If you struggle to stay focused, drift off when things get boring, or get yanked around by every passing thought, you are dealing with a control problem, and control is trainable. I want to walk you through what attention actually is, where it lives in your brain, what shows up on a QEEG brain map, and the specific levers we pull in neurofeedback to shape it. This is drawn from a recent weekly livestream where I ran a live neurofeedback session and took questions from the audience.

What Is Attention, Really?

Most people think attention means focus. That definition is too small. Attention is control over focus. If your focus is captured by a song stuck in your head, by nail-biting, by worrying about a comment someone made, that is not effective focus. The capacity that matters is your ability to steer the lens of your attention where you want it and hold it there. That steering capacity is the core of executive function.

Attention is several separable systems, each with its own cortical signature and its own training strategy. Once you see the systems, your own focus problems start to make sense, and you can target them instead of just pushing harder.

How Is Attention Organized in the Brain?

Three early systems: alerting, orienting, and conflict control

A large part of attention happens in the first few hundred milliseconds, long before any of the slow EEG bands you might train. I studied this in a laterality lab at UCLA, doing tachistoscopic testing (flashing stimuli into one visual field at a time) and a task called the lateralized attention network task, a two-sided version of the Posner flanker test.

Three processes run in that early window:

  • Alerting. Your attention rising like a spotlight, engaging with the outside world.
  • Orienting. Swinging that spotlight in space toward where you expect something to appear. Flash a cue a few milliseconds before a target and people respond faster and more accurately. Flash it to the wrong side and you pay an orienting cost. Impulsivity and high theta both raise that cost.
  • Conflict control. When the environment hands you contradictory signals and you have to inhibit what you are doing, reconcile the information, and keep acting. You get a walk signal, step into the street, and hear a car screeching around the corner. That moment is executive conflict.

These show up as distinct event-related potentials. Conflict produces an error-related negativity. Alerting produces a contingent negative variation as you prepare. Language conflict, like a grammar error dropped into a sentence, produces an N400. The point for anyone who trains brains: the real processes of attention start at well under 100 milliseconds, not at the two-second timescale where we start measuring theta and alpha. This is why I run an executive function test like the IVA-2 alongside the brain map. Reaction-time resolution sits under 50 milliseconds per person, and a shift of 50 to 100 milliseconds is something you can feel.

Hemispheric attention: the stabilizer and the supervisor

Each hemisphere runs its own attention system, and you can measure them completely separately. In split-brain patients (people who had the corpus callosum sectioned for epilepsy decades ago) you restrict information to one hemisphere by feeding it to one visual field and having the matching hand respond. Their single-hemisphere scores look much like an intact brain. Force the information across the missing bridge and they perform poorly, while typical brains manage it.

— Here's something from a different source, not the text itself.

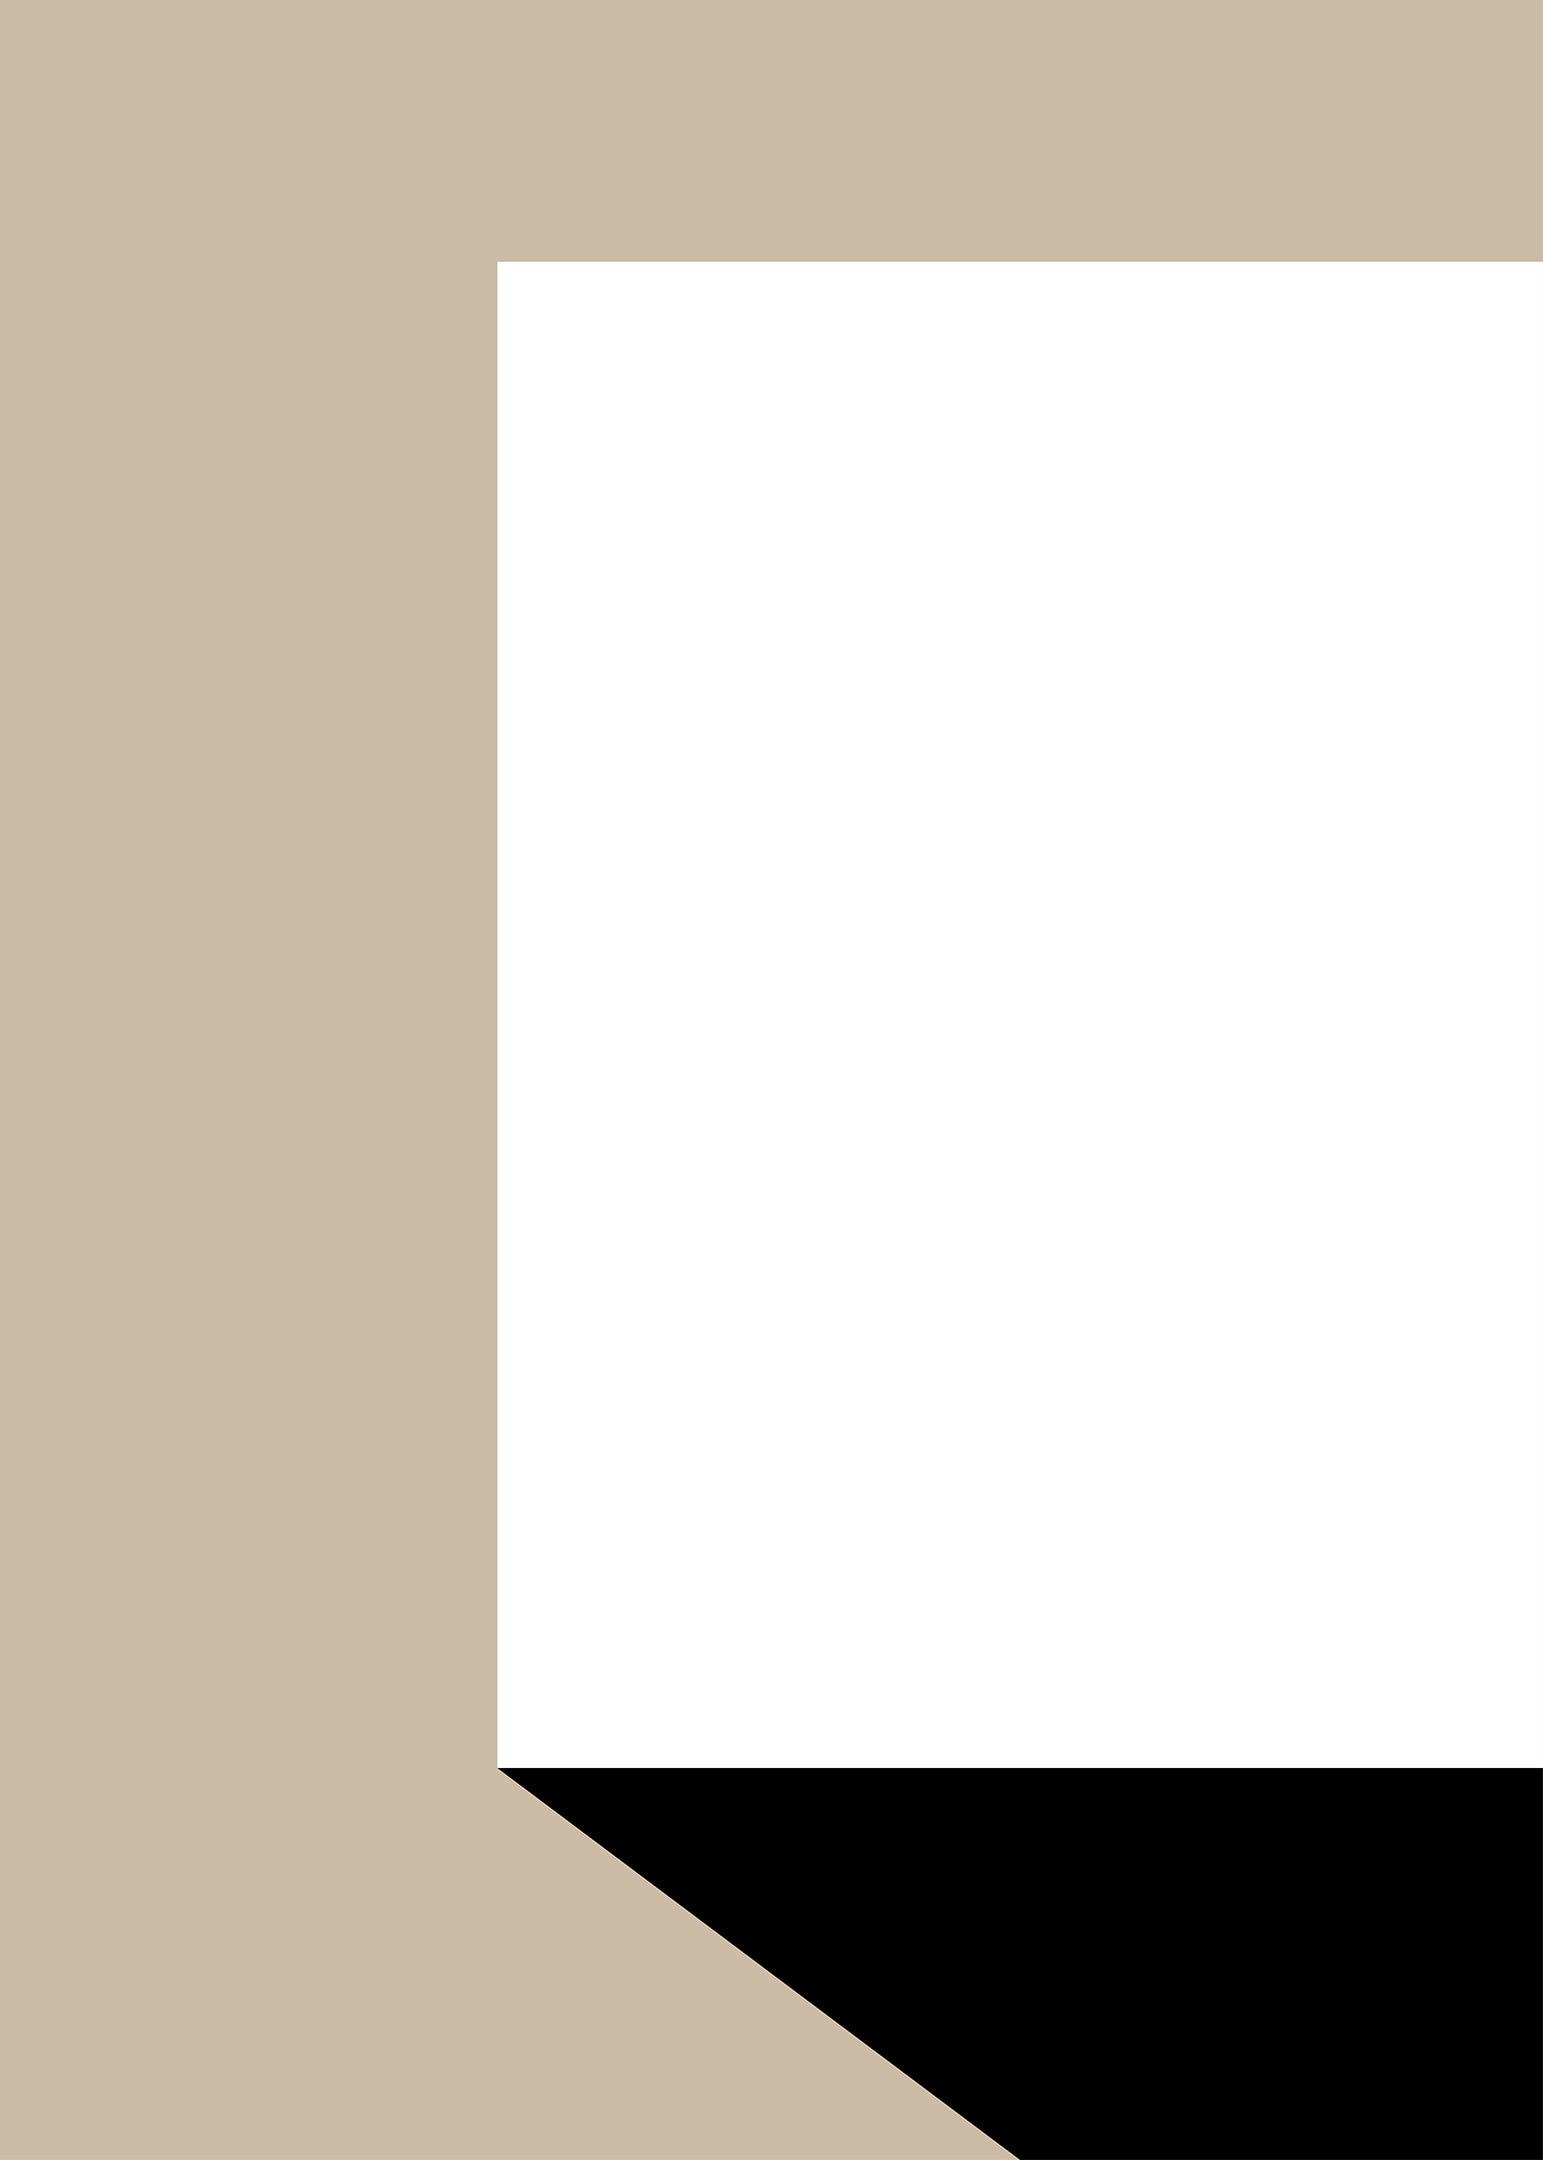 Vit box poster beige

Here is how I think about the lateralization, built from tying the laterality model to the arousal and phenotype models from neurofeedback:

The left pre- and post-central gyri (around C3) are the stabilizer. This tissue holds the spotlight steady. It maintains vigilance when you are awake, sustains attention under low-intensity conditions, and stabilizes sleep so you stay asleep instead of skimming the surface and waking at every sound. When the stabilizer is weak, you drift during focus unless things are intense, and you fragment your sleep architecture at night. Poor deep sleep then slows your processing speed, which shows up as slower alpha on the map.

The right pre- and post-central gyri (around C4) are the supervisor. This sits in the passenger seat, reads the map, and says we have a turn coming up, adjust your behavior. It coordinates and shapes what you are doing to match what you know you want to do, and it links visual tissue with frontal appraisal.

The precentral gyrus is also the most posterior part of the frontal lobe and the descending motor pathway, while the postcentral gyrus receives ascending information from the body. That makes this central strip a genuine mind-body connection, and it handles an interesting blend of attention and sleep at once.

The vertex (CZ) governs sleep onset and produces sleep spindles, bursts of 12 to 15 Hz that fire when a dog barks and you stay asleep through it. That frequency, sensorimotor rhythm, is inhibitory tone on the motor strip. It gently pumps the brakes and lets you hold things together. SMR is the reason early researchers found a neurofeedback frequency that reduced seizures, and it remains the core of modern training. I cover this in depth in SMR Neurofeedback: Train Sleep, Focus, and Self-Control.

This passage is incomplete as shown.